Wright State has ended a special $5,000 monthly stipend for Robert J. Sweeney, vice president for planning, to do debate preparations, and given the contractually-required 60-day notice to two consultants hired for debate work, Bauguess said.

Sweeney’s stipend was was to be paid in monthly installments under a one-year contract signed last October. Instead, the payments stopped at the end of July.

Steven Warden and John McCance were brought in on one-year contracts in January, with Warden contracted to be paid $80,000 for the year, plus a car allowance, to serve as corporate and community giving officer. McCance was hired for $108,000 annually to act as liaison with the debate commission. Both of their contracts now end Sept. 21 and Bauguess said they will not be assigned to do new work through then.

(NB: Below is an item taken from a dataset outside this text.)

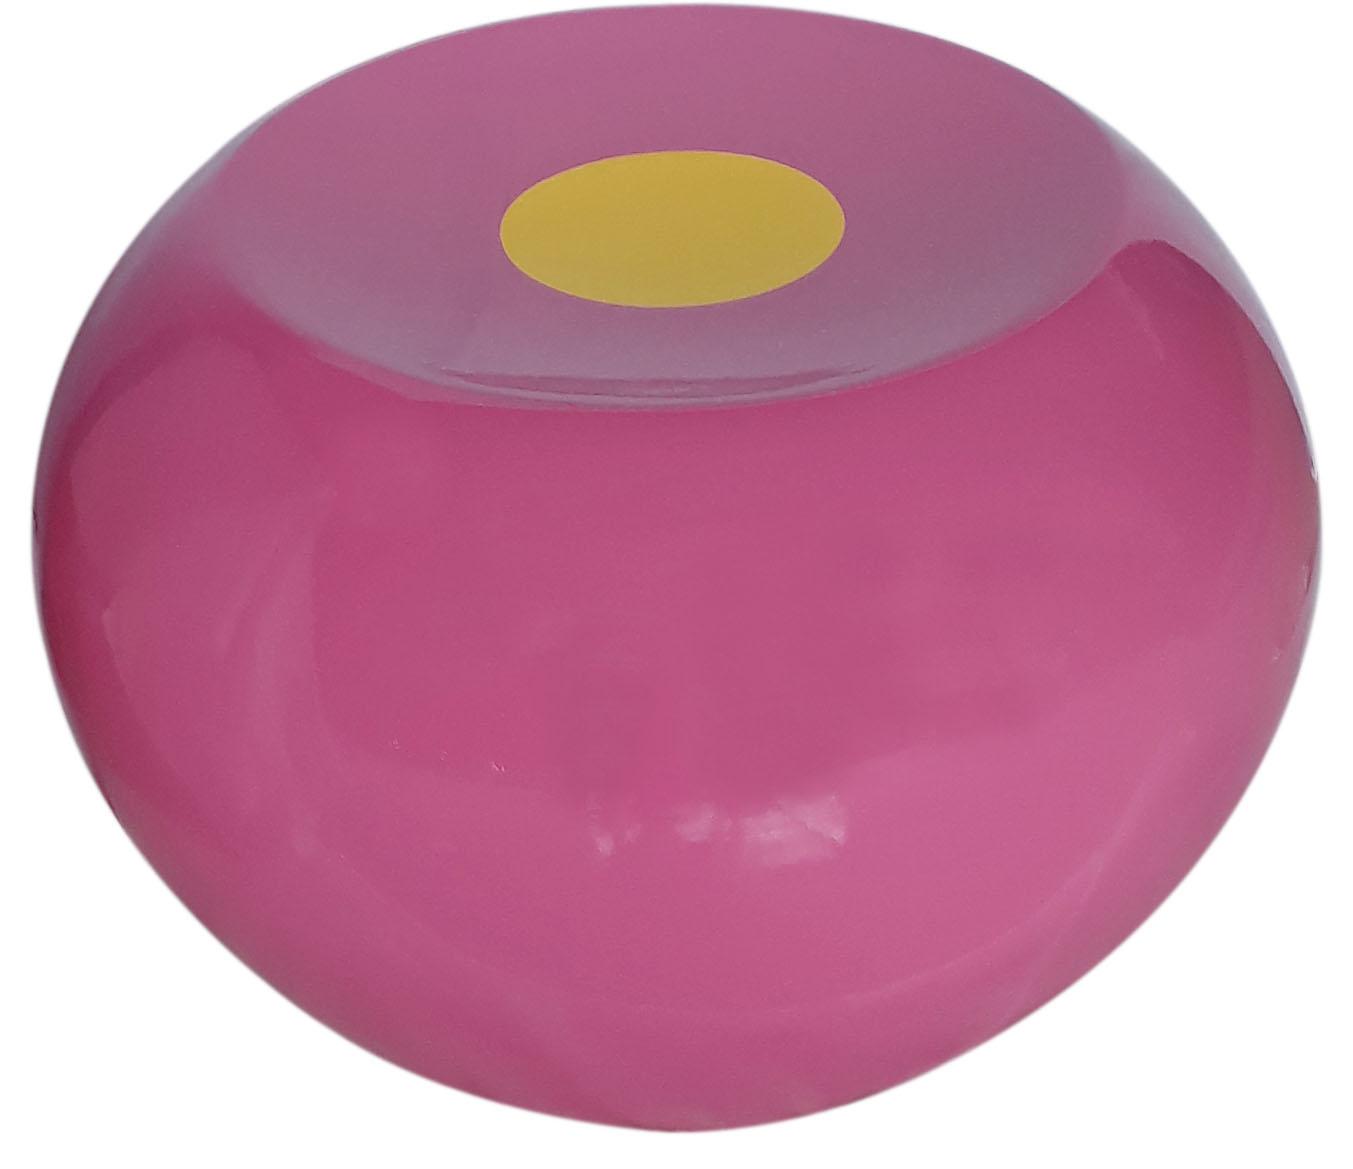 Stool-Pink & yellow.jpg

University President David Hopkins announced on July 19 that Wright State would withdraw as host because of rising costs and the inability to raise enough money to avoid using university resources to cover costs. Debate cost estimates ranged from $5 million to $8 million, but he said concerns about protecting campus areas outside the debate perimeter around the Nutter Center could drive costs as high as $11 million.

That figure is far higher than what debates have cost other universities that have hosted debates and also much more than the four that will host this year's expect to pay, according to an investigation by this newspaper.

Hofstra University in New York replaces Wright State as the debate host. A group of 15 Wright State students will attend the Hofstra debate.